Tech Expert & Vibe Coder

With 15+ years of experience, I specialize in self-hosting, AI automation, and Vibe Coding – building applications using AI-powered tools like Google Antigravity, Dyad, and Cline. From homelabs to enterprise solutions.

Building a Local RAG Pipeline with Ollama, ChromaDB, and Automatic Document Ingestion

Automation 7 min read Published Mar 19, 2026 Updated Mar 19, 2026

Why I Built This Pipeline

I needed a way to query my own documentation—installation notes, config files, past troubleshooting logs—without uploading anything to external AI services. I run systems that handle internal network details, client data snippets, and infrastructure notes that shouldn’t leave my environment. Cloud-based RAG tools work well, but they require sending your data out. I wanted the same capability, but fully local.

I also wanted automatic ingestion. Dropping a PDF into a folder and having it indexed without manual steps meant I could treat this like any other monitoring or backup workflow—set it once, let it run.

My Setup

I ran this on a Proxmox VM with 16GB RAM and 6 CPU cores allocated. The host has no GPU, so everything runs on CPU. I use Docker Compose to manage services because it keeps dependencies isolated and makes teardown clean.

The stack consists of:

  • Ollama – Hosts the LLM and embedding models locally via HTTP on port 11434
  • ChromaDB – Stores vector embeddings on port 8000
  • Python scripts – Handle document ingestion and query orchestration
  • inotify-tools – Watches a folder for new files and triggers re-indexing

All data stays on the VM. No outbound requests to AI APIs.

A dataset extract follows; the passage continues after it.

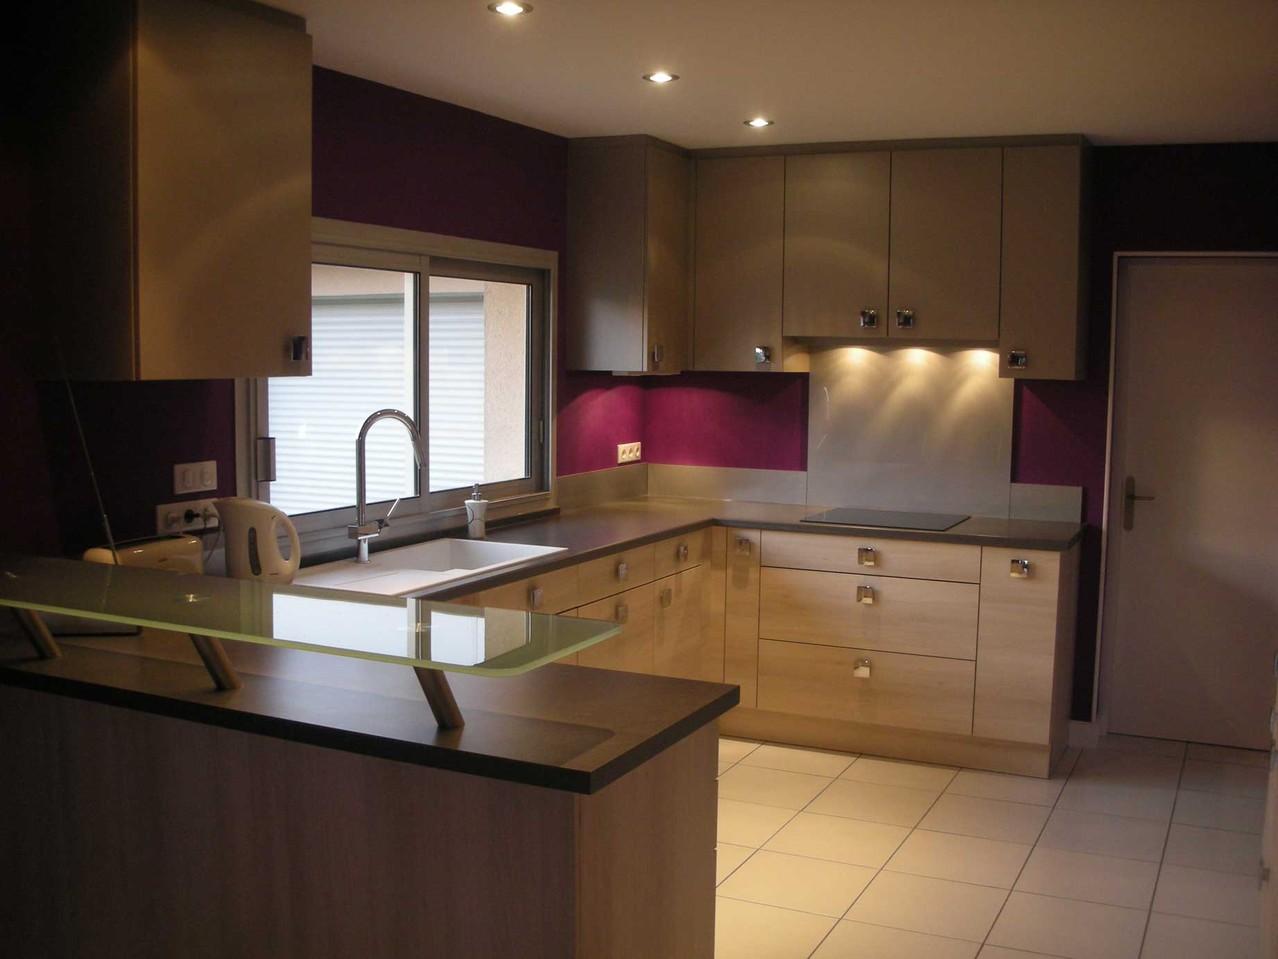 plomberie cuisine lampe suspendue cuisine u globetravel en ce qui concerne luminaire cuisine. Black Bedroom Furniture Sets. Home Design Ideas

Docker Compose Configuration

I created a docker-compose.yml file in /opt/rag-pipeline/:

version: '3.8'

services:
  ollama:
    image: ollama/ollama:latest
    container_name: ollama
    ports:
      - "11434:11434"
    volumes:
      - ollama-data:/root/.ollama
    restart: unless-stopped

  chromadb:
    image: chromadb/chroma:latest
    container_name: chromadb
    ports:
      - "8000:8000"
    volumes:
      - chroma-data:/chroma/chroma
    environment:
      - IS_PERSISTENT=TRUE
      - ANONYMIZED_TELEMETRY=FALSE
    restart: unless-stopped

volumes:
  ollama-data:
  chroma-data:

After running docker compose up -d, I pulled the models:

docker exec -it ollama ollama pull nomic-embed-text
docker exec -it ollama ollama pull llama3.1:8b

nomic-embed-text is a 137M parameter model designed for embeddings. llama3.1:8b handles text generation. Both run entirely on CPU in my setup, though generation is slower than I’d like—around 8-12 tokens per second depending on prompt size.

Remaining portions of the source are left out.